Chairs at a party aren't exactly a radical innovation, but in Denmark they are typically used as a launching pad for people who believe that by leaping into the New Year they will banish malevolent spirits.

Why you should: You can claim your new year exercise regime has started early. Why you shouldn't: You'll need the icy water again to bathe those twisted ankles.

Dead birds

Sailors love a good party, but are notoriously superstitious souls, believing that it is unlucky to begin a voyage on December 31. Maritime lore also suggests that feathers plucked from a wren slain on New Year's Day can protect seafarers from dying in a shipwreck.
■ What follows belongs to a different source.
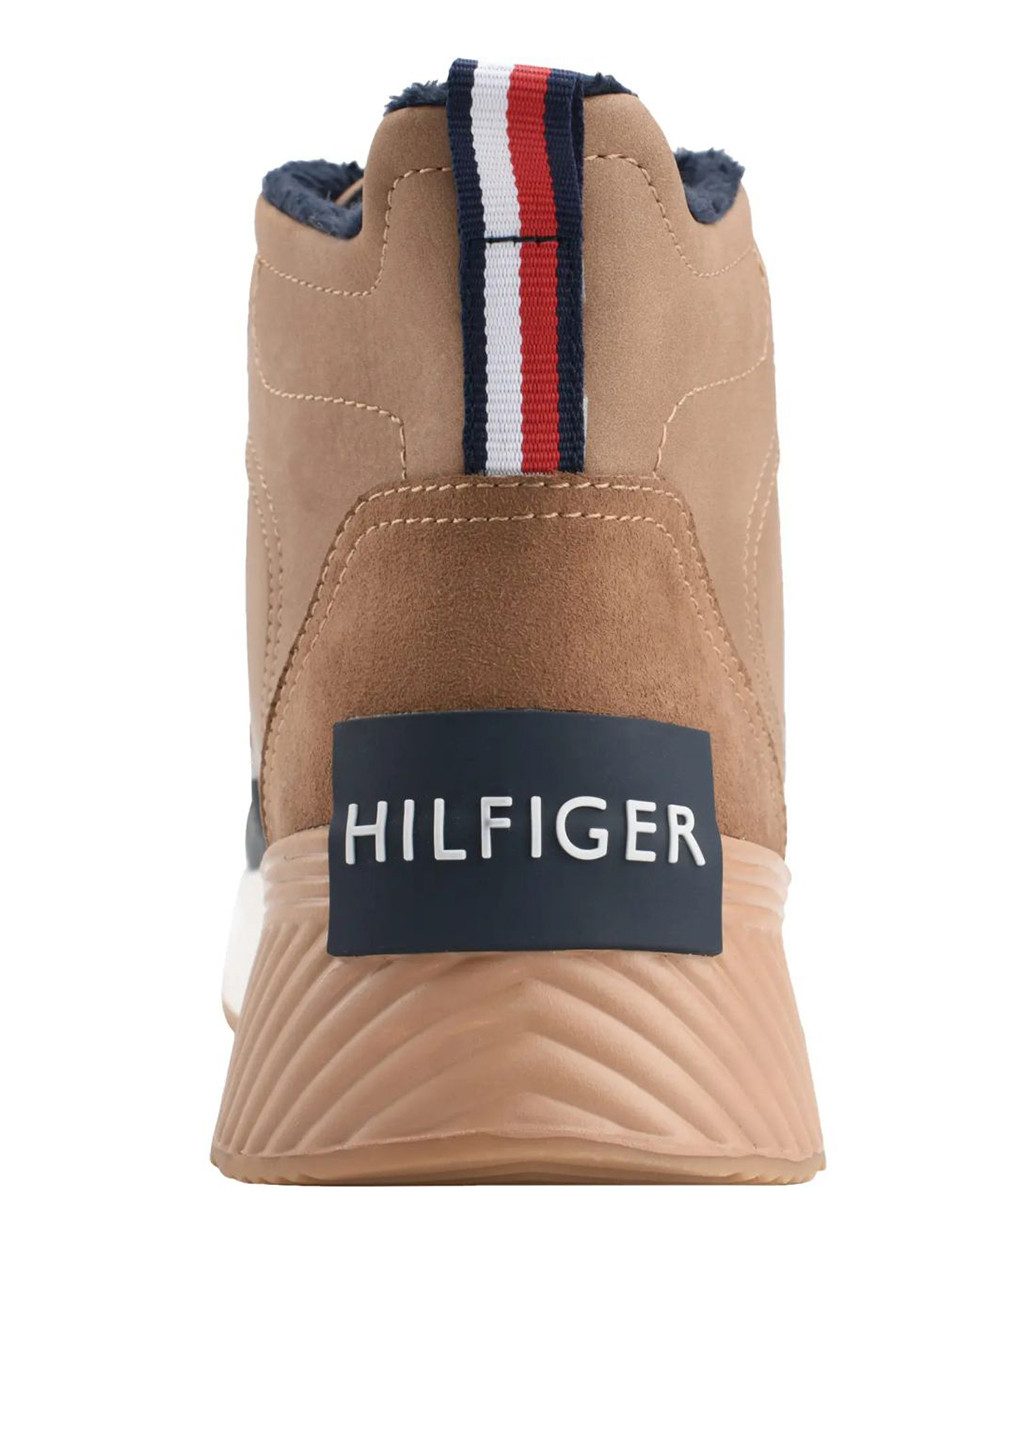 Осенние ботинки Tommy Hilfiger с логотипом из искусственной кожи, из искусственной замши

Why you should: You polished off those piglets, so a wren isn't going to hurt your conscience. Why you shouldn't: Nothing kills a party like a dead bird.

Bed

Britain has a certain reputation when it comes to New Year's Eve, particularly in Scotland where Hogmanay celebrations -- climaxing in a rendition of the traditional Scottish song "Auld Lang Syne" -- can border on the bacchanalian. So it is perhaps a surprise to discover that, according to a survey conducted last year, over a third of Britons prefer to be tucked up in bed on the stroke of midnight.

Why you should: You'll avoid the most overrated party of the year. Why you shouldn't: Champagne corks, fireworks and ABBA will keep you awake anyway.